▶ _About this exercise_:
Quote the data below in full, minus the images.

▶ _Stored data_:
-------
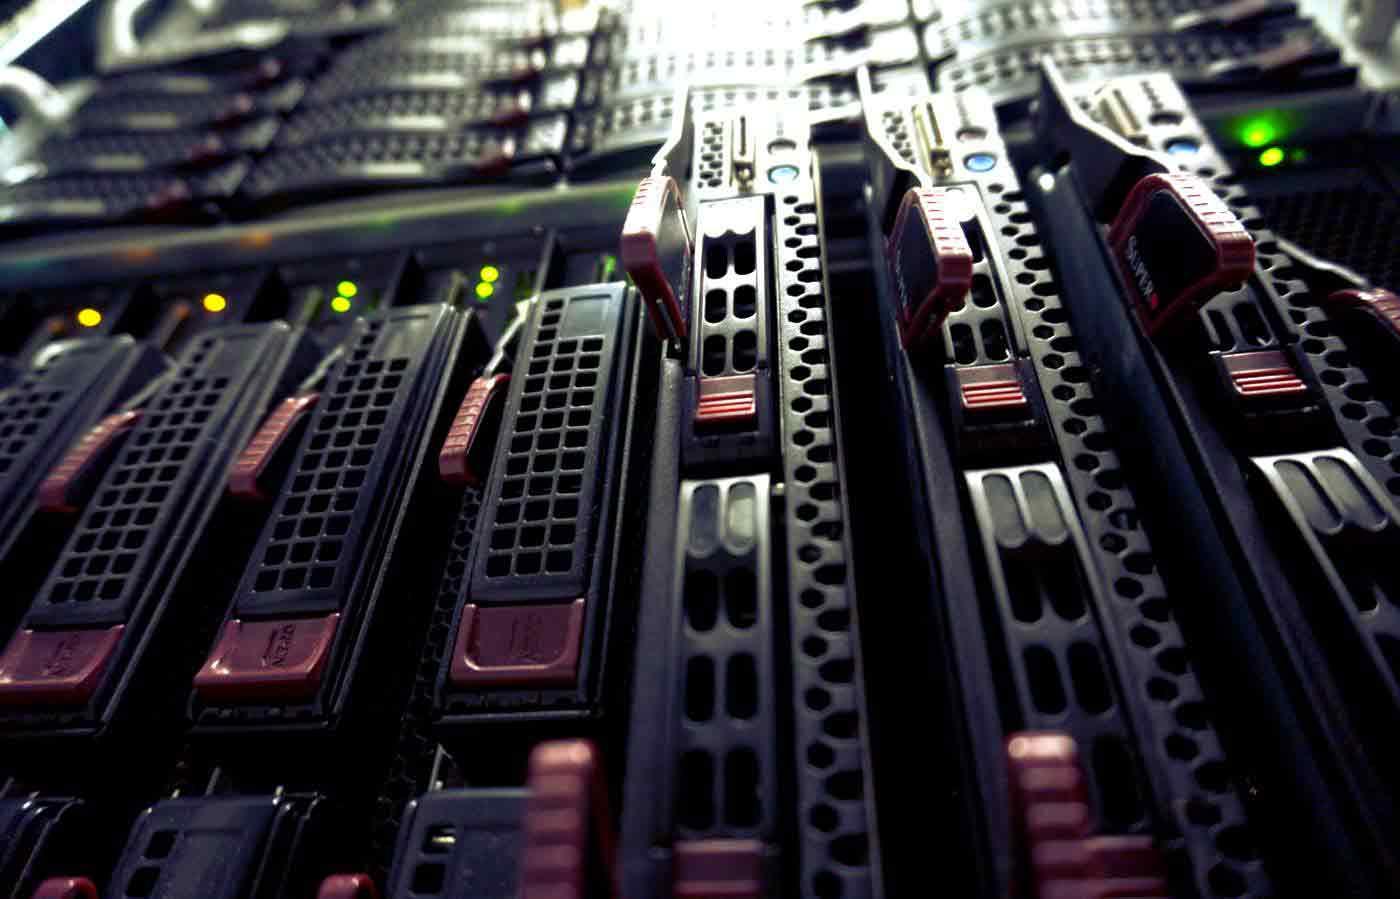 dedicado-servidor-zcohosting
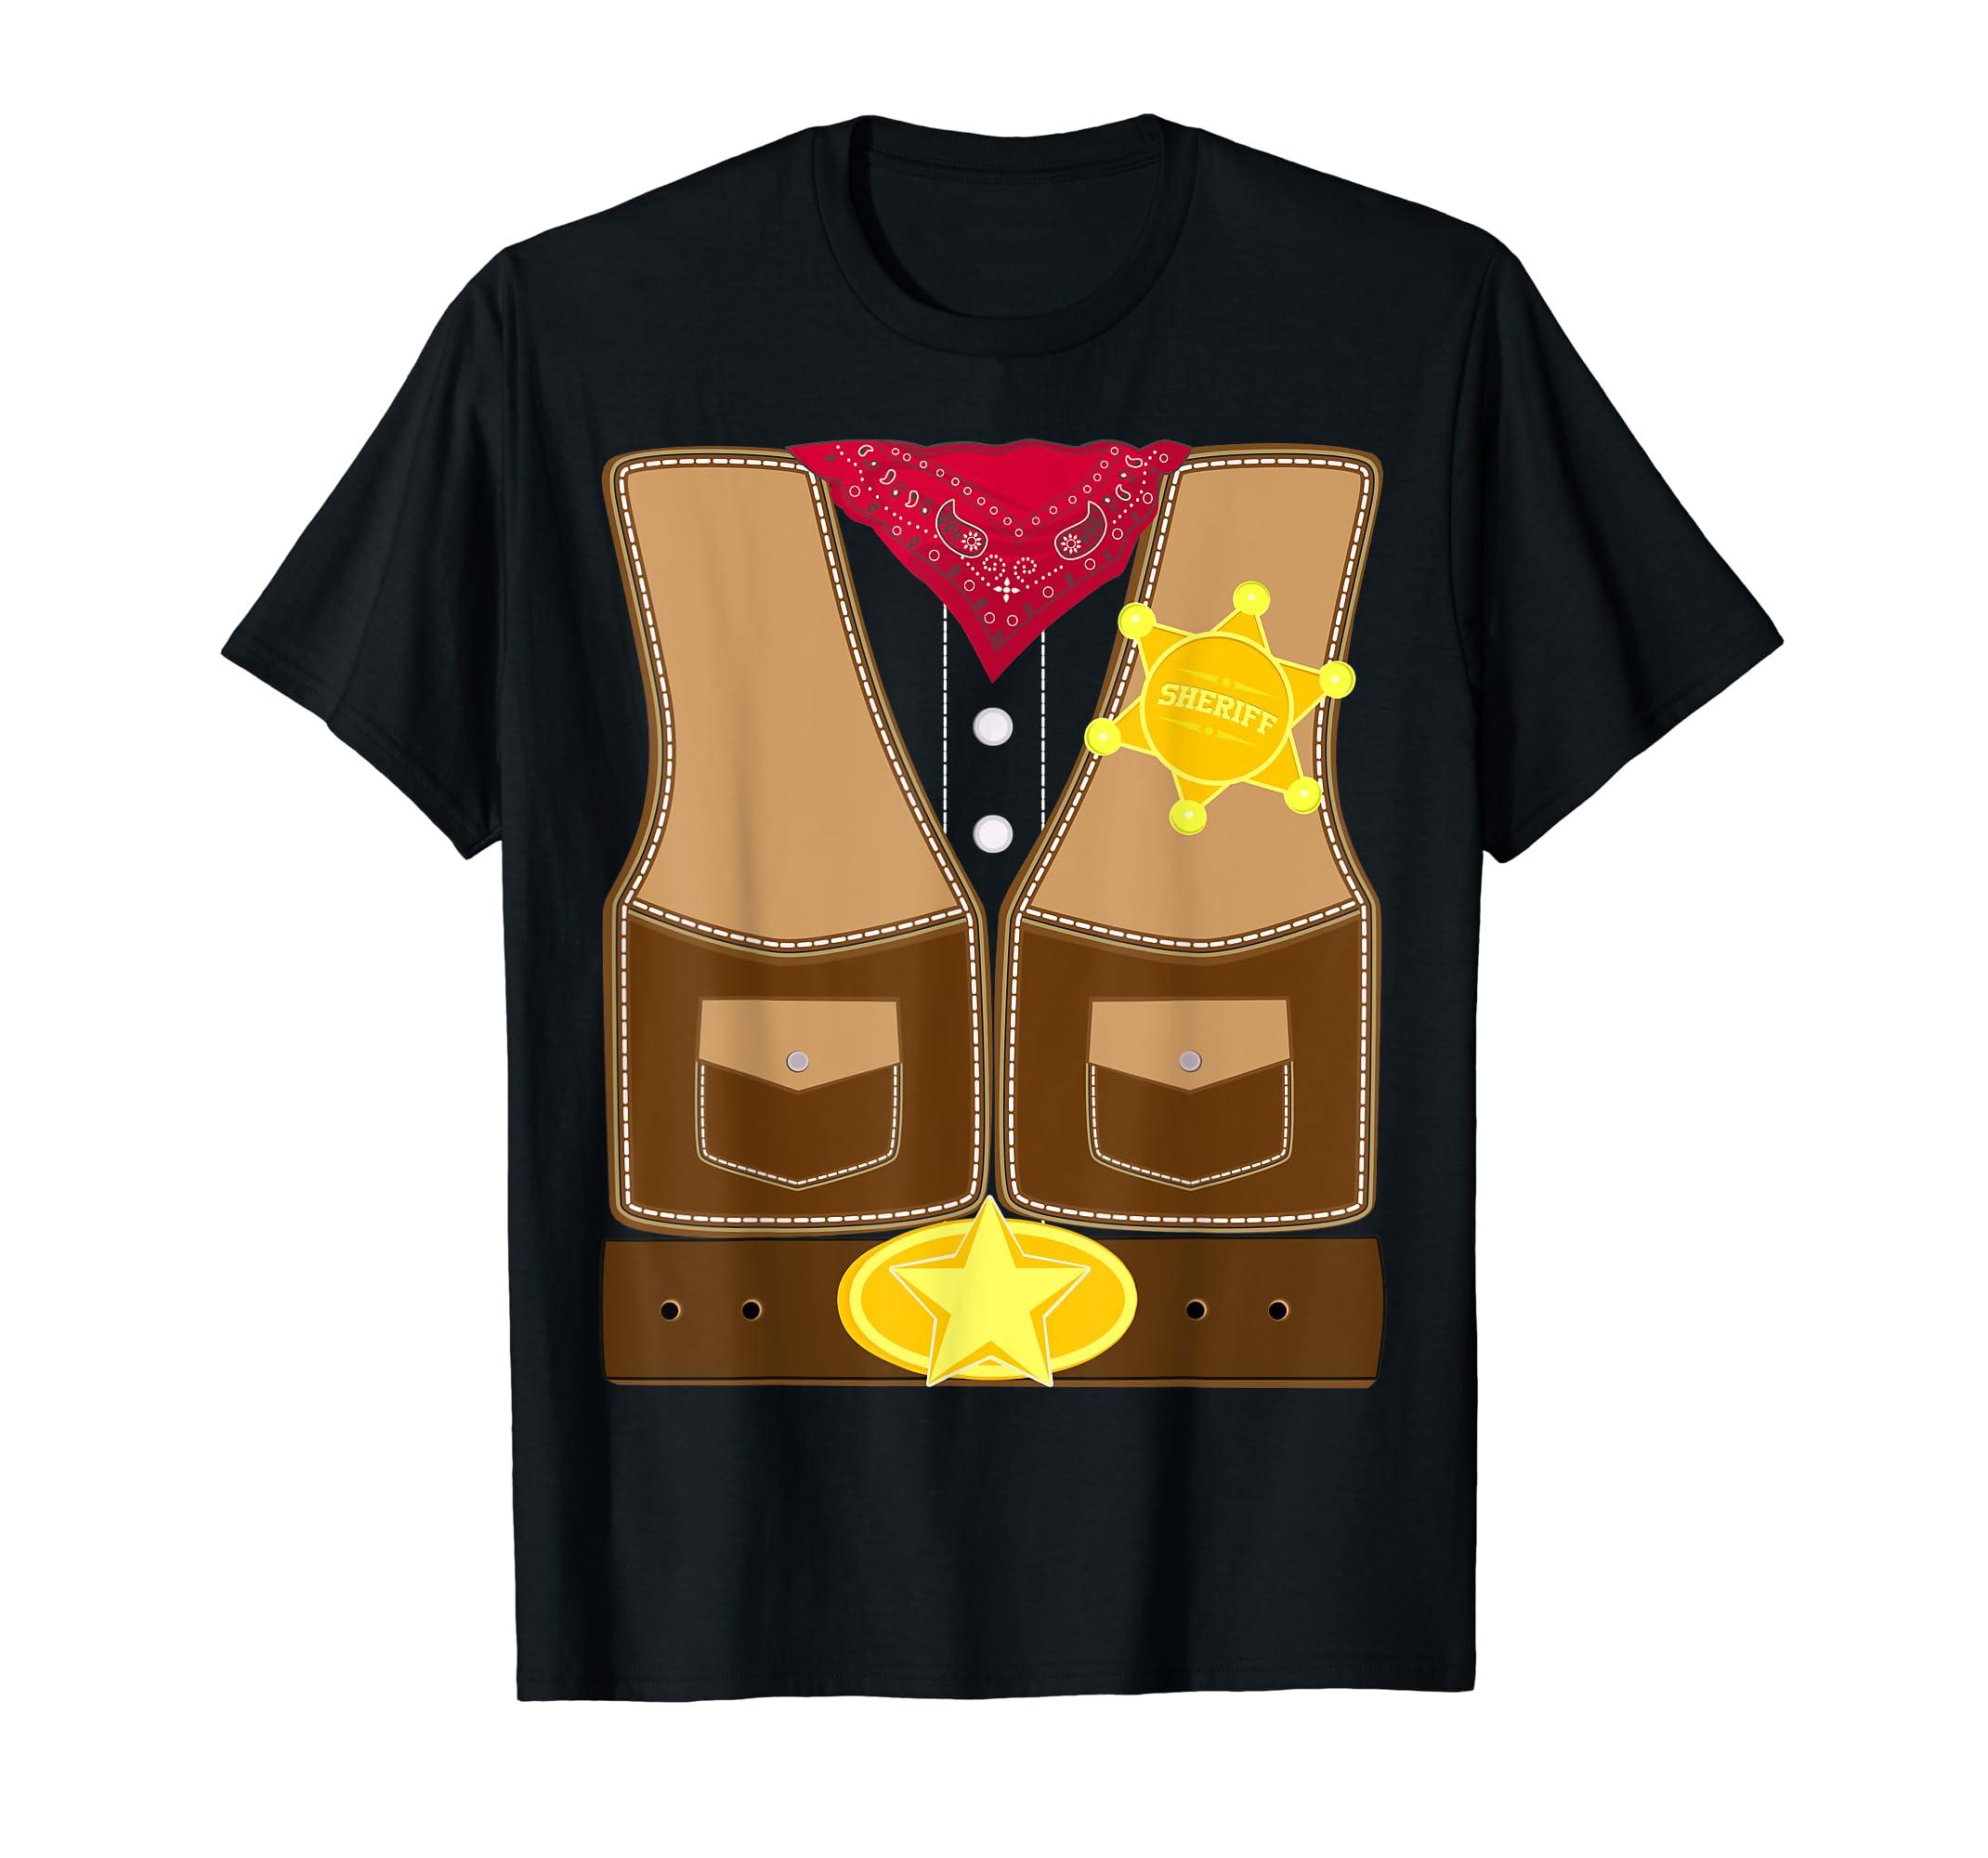 Easy Sheriff Cowboy Costume Cute Matching T-Shirt for Men-Men's T-Shirt-Black
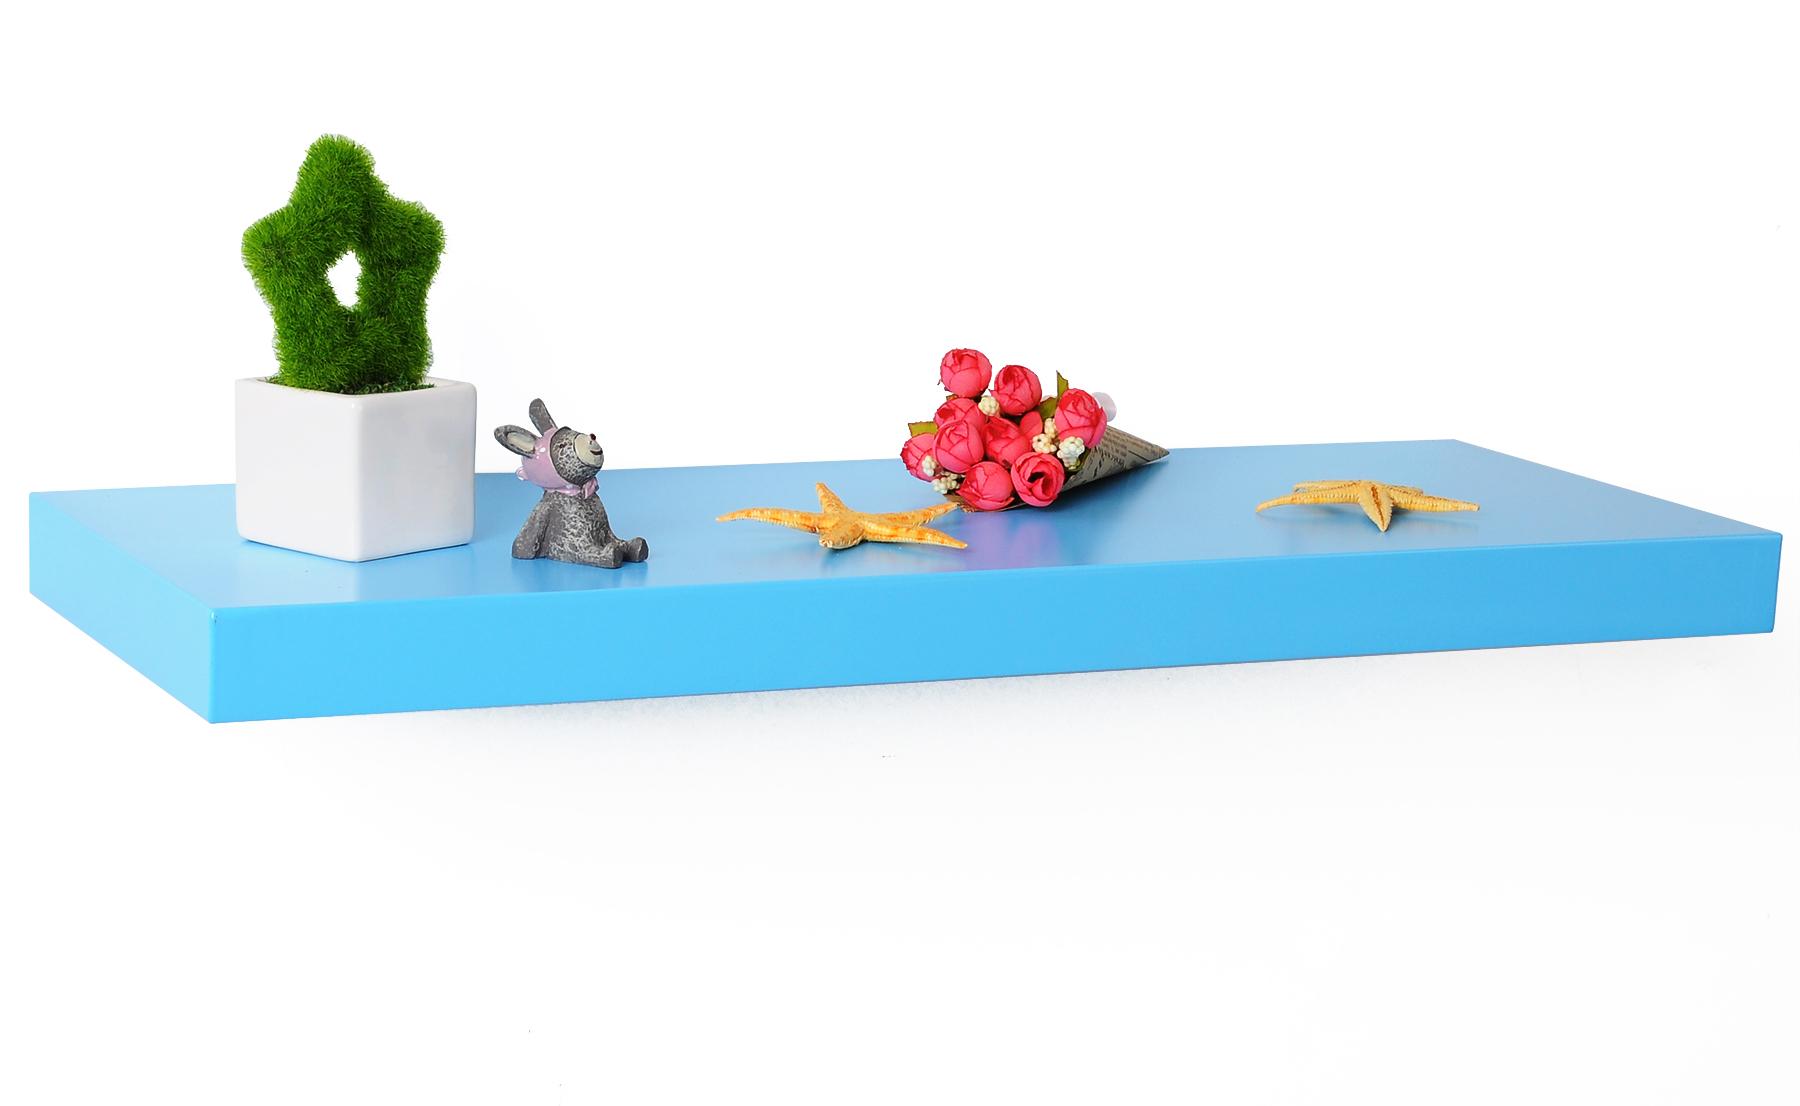 wandboard wandregal mdf holz b cherregal h ngeregal 100cm. Black Bedroom Furniture Sets. Home Design Ideas
-------
▶ _Exercise solution_:
 dedicado-servidor-zcohosting
 Easy Sheriff Cowboy Costume Cute Matching T-Shirt for Men-Men's T-Shirt-Black
 wandboard wandregal mdf holz b cherregal h ngeregal 100cm. Black Bedroom Furniture Sets. Home Design Ideas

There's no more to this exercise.